Every line from the one with "Read the full" through the end of the material below, both ends included, should be transcribed exactly, without pictures.

--- DATASET EXCERPT ---

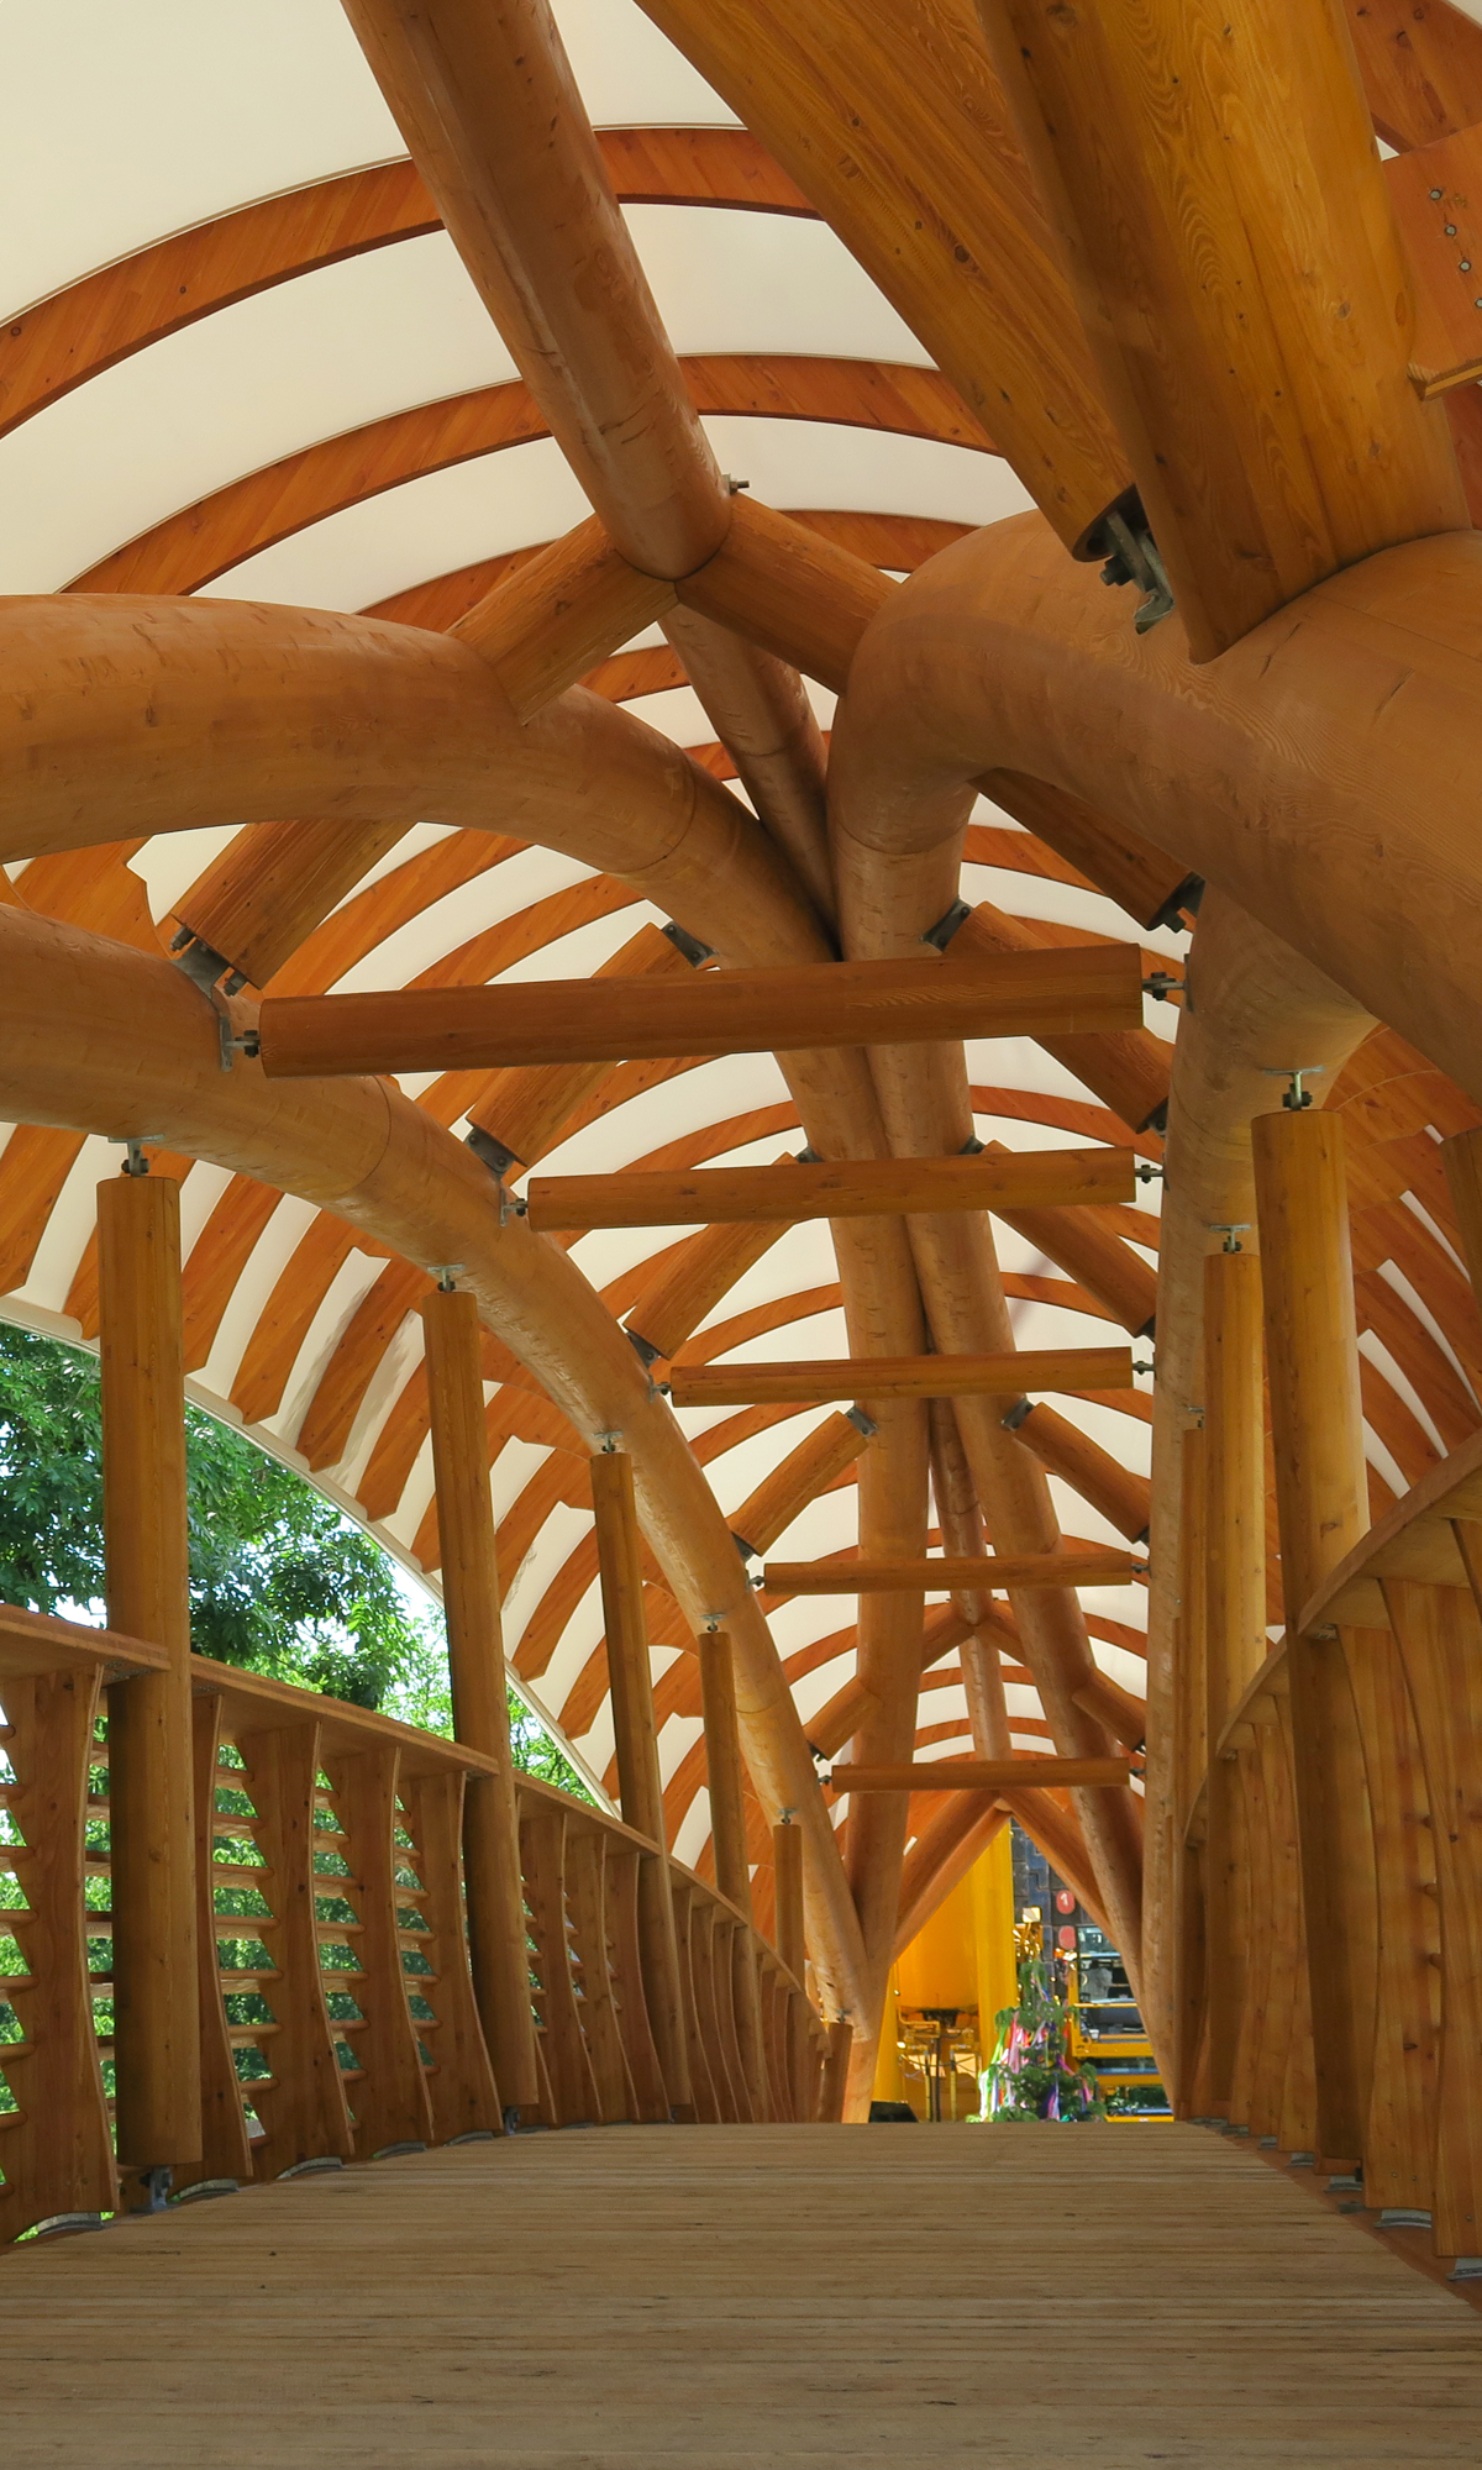 Die Holzkunstbrücke Aubrugg ist von innen zu sehen. Geschwungene massive Holzstrukturen und ein hohes Holzgeländer sind zu erkennen.
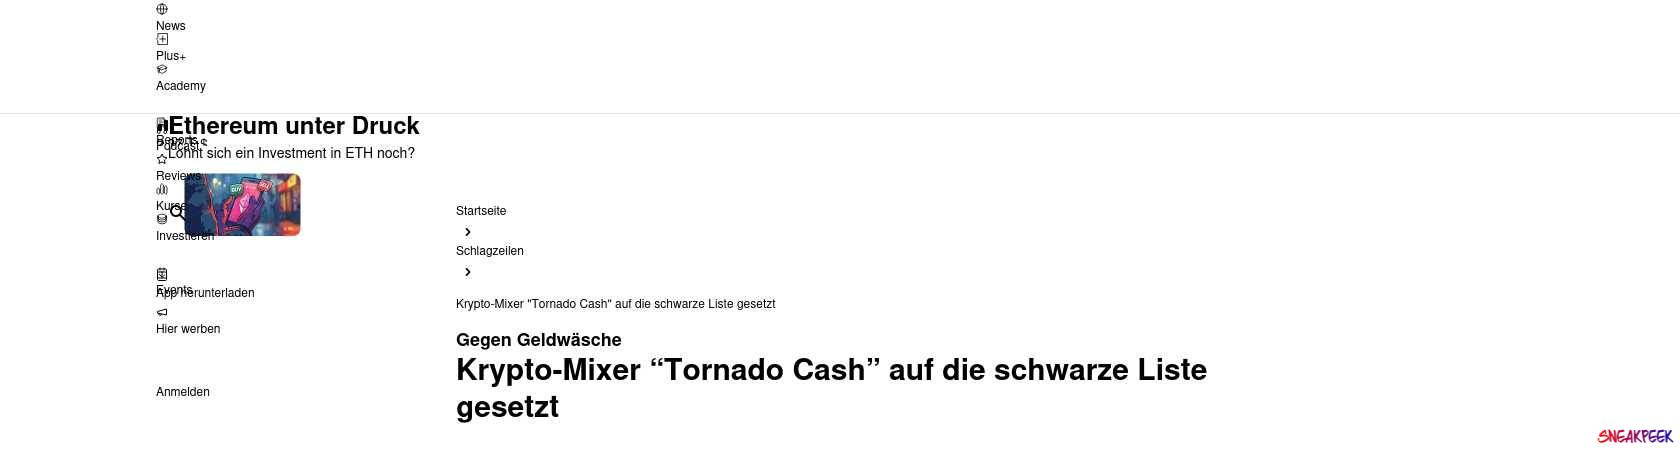 Read the full Article:  ⭲ Krypto-Mixer "Tornado Cash" auf die schwarze Liste gesetzt
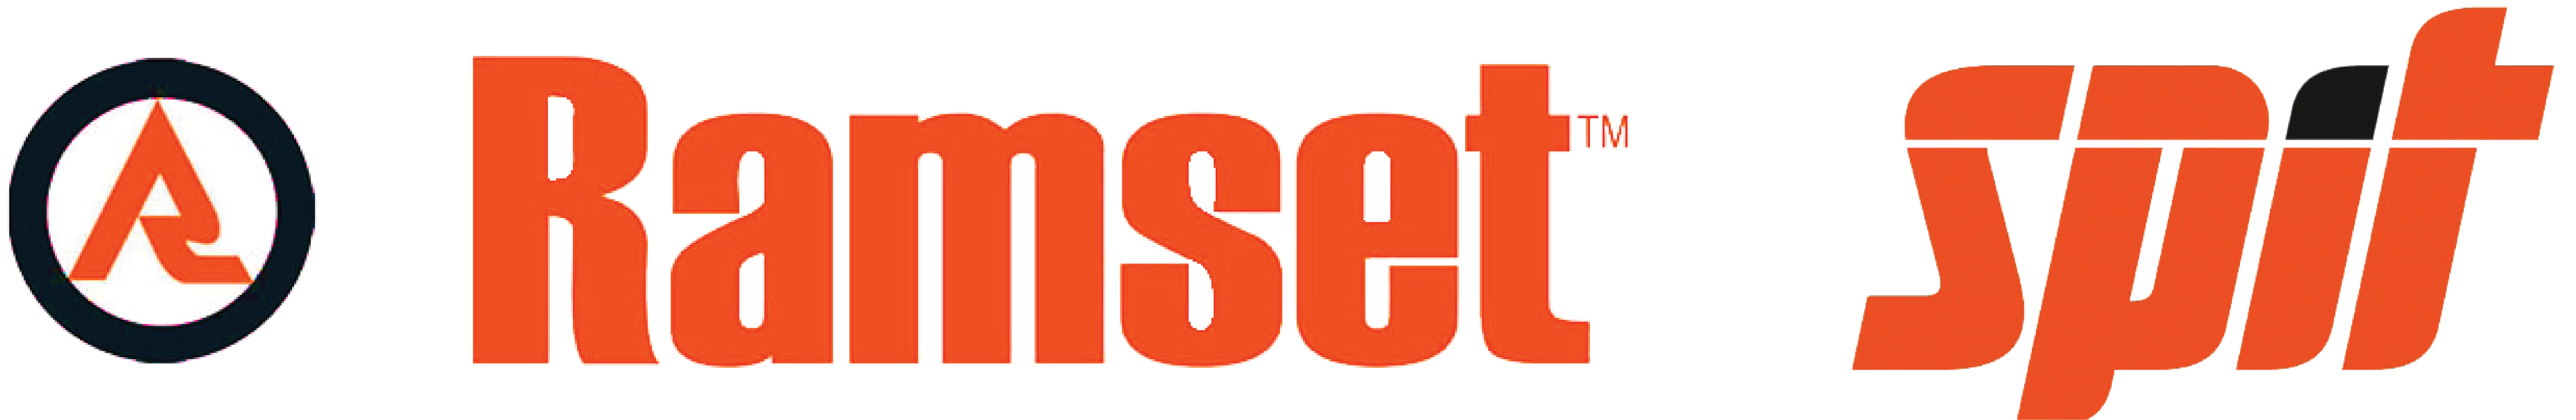 ramset-mix-logo

---

* _RESPONSE_
 Read the full Article:  ⭲ Krypto-Mixer "Tornado Cash" auf die schwarze Liste gesetzt
 ramset-mix-logo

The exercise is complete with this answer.